Updated

A cyber-tip created by Google and reported to the National Center for Missing and Exploited Children put a convicted sex offender back in police custody – after the Internet giant used highly-sophisticated technology to detect alleged images of child porn stored on the Houston man’s Gmail account.

John Henry Skillern was arrested last week by Texas authorities after they reported finding child porn on the 41-year-old’s phone and tablet device as well as in text messages and e-mails.

The arrest might never have happened if not for Google, which regularly scans users’ emails for illegal activity involving children and turns over potential evidence to authorities.

“Sadly all Internet companies have to deal with child sexual abuse,” a Google spokeswoman said in a statement Tuesday to FoxNews.com. “It’s why Google actively removes illegal imagery from our services -- including search and Gmail -- and immediately reports any abuse to the National Center for Missing and Exploited Children, which collaborates with law enforcement.”

“This evidence is regularly used to convict criminals. Each child sexual abuse image is given a unique digital fingerprint which enables our systems to identify those pictures, including in Gmail.  It is important to remember that we use this technology to identify child sexual abuse imagery, not email content that could be associated with general criminal activity (for example using email to plot a burglary),” Google said.

Detective David Nettles of the Houston Metro Internet Crimes Against Children Taskforce said Skillern, a registered sex offender who was convicted of sexually abusing an 8-year-old boy in 1994, was arrested Thursday after authorities found the alleged child pornography on his devices.

“He had sent child porn files to someone in an email, included images of a young girl, and one was sent from his Gmail account,” Nettles told FoxNews.com. “Google found it and by federal law, they have to report it.”

Nettles described the technology used by Google as “complicated and difficult for a layperson to understand.”

“Any time you send a photo or a video, it has a hash value – a code that is basically like a fingerprint for a photo or a video,” he said.

Nettles said the unique codes correspond to known images of abuse within Google’s large hash database, allowing for a computer – not a person – to flag the image or video.

“They don’t actually sit there looking at your photos. They have a computer that checks the value of the photo or video,” he said. “The computer will flag it and then notify a human being who reports it, as required by law.”

Nettles noted that this practice by Google and other Internet providers is nothing new – and said such monitoring is essential “for obvious reasons.”

“It’s not any kind of encroachment on someone’s privacy.
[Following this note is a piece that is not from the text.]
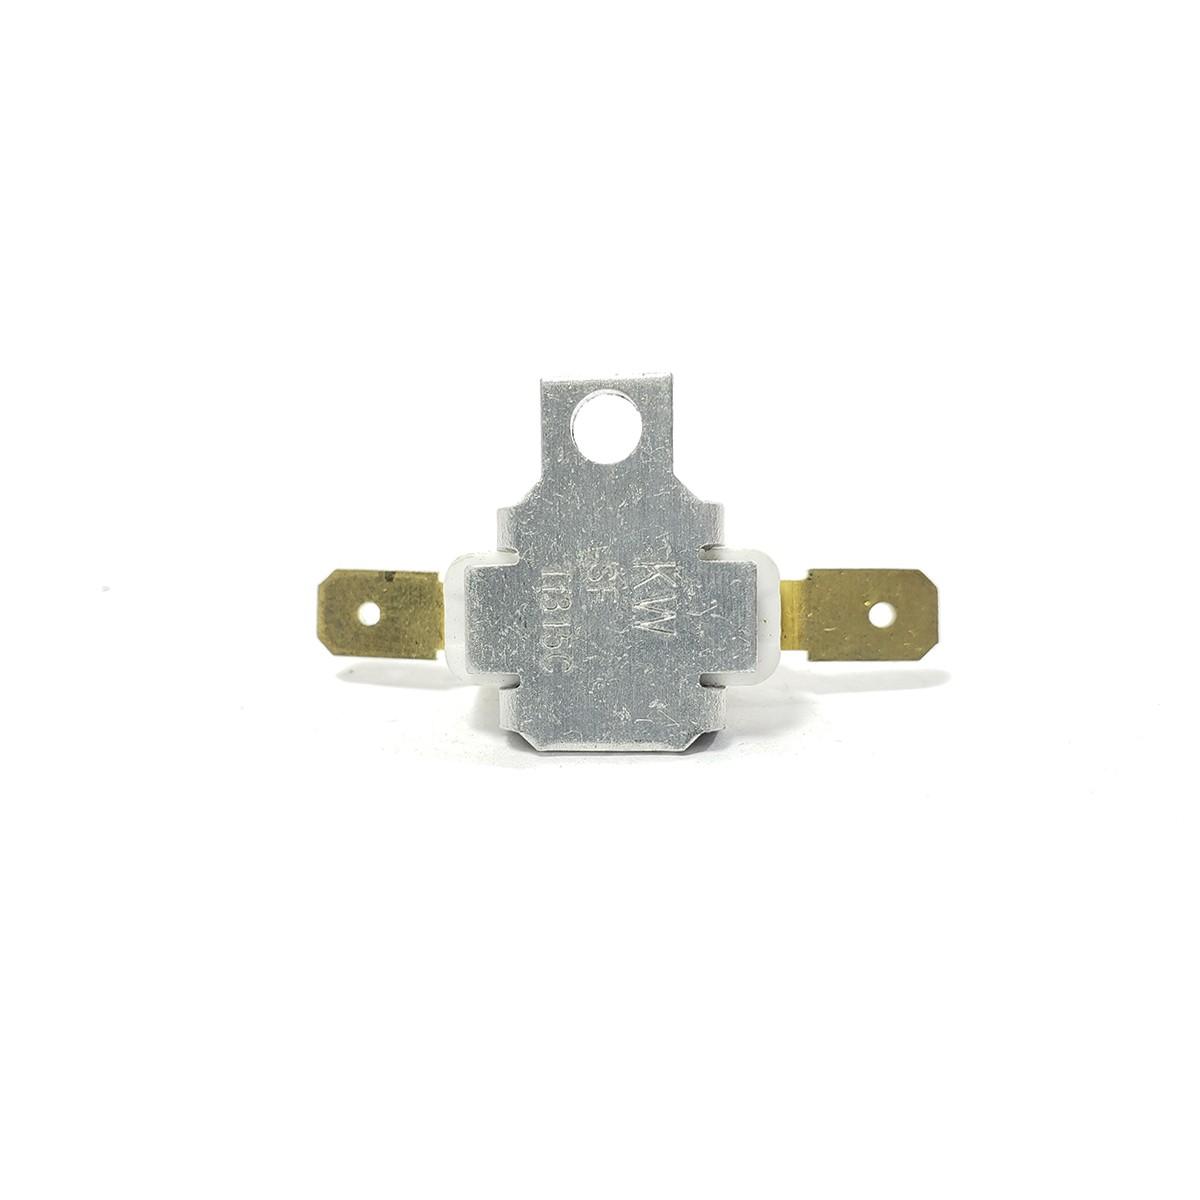 Fusível Térmico 250VAC/15A KW SF/Tf315c Para Ferro De Passar Electrolux - FE002017

If you don’t have illegal stuff you’re sending out, everything’s fine,” Nettles said.

There is an agreement between the free Gmail service and users, he explained, and it says, “You’re not supposed to be sharing illegal photos or files.”

“He violated the policy he had agreed to,” Nettles said of Skillern, who worked as a cook at a Denny’s restaurant in Pasadena, Texas, where his parents live – though the state sex offender registry lists his residence as Houston.

According to Google’s privacy rules, the tech giant makes clear that  “automated systems analyze your content (including emails) to provide you personally relevant product features, such as customized search results, tailored advertising, and spam and malware detection.”

Google also notes that, “We will share personal information with companies, organizations or individuals outside of Google if we have a good-faith belief that access, use, preservation or disclosure of the information is reasonably necessary to … meet any applicable law, regulation, legal process or enforceable governmental request” or “enforce applicable Terms of Service, including investigation of potential violations.”

While Google’s sophisticated method of flagging illegal activity is lauded by law enforcement, digital security experts warn it could have unintended consequences.

“As with any powerful tool, there are always unintended consequences,” said John Sileo, a Denver-based cyber-security expert. “That doesn’t mean you shouldn’t utilize it but you need to do it smartly.”

Sileo cited a case in which a father took a photo of his toddler daughter walking around the family home naked and then sent it through a commonly used email like Gmail to a small group of friends and relatives.

“He lost his job,” Sileo said of the man, whom he did not name. “He spent years fighting litigation.”

Sileo also referenced situations in which an unknown sender emails a Gmail user an illegal image or video. The recipient opens the file, unaware of its content, and then runs the risk of being reported to law enforcement.

“The recognition technology for things like child porn is getting more and more sophisticated and of course there’s always going to be false positives.”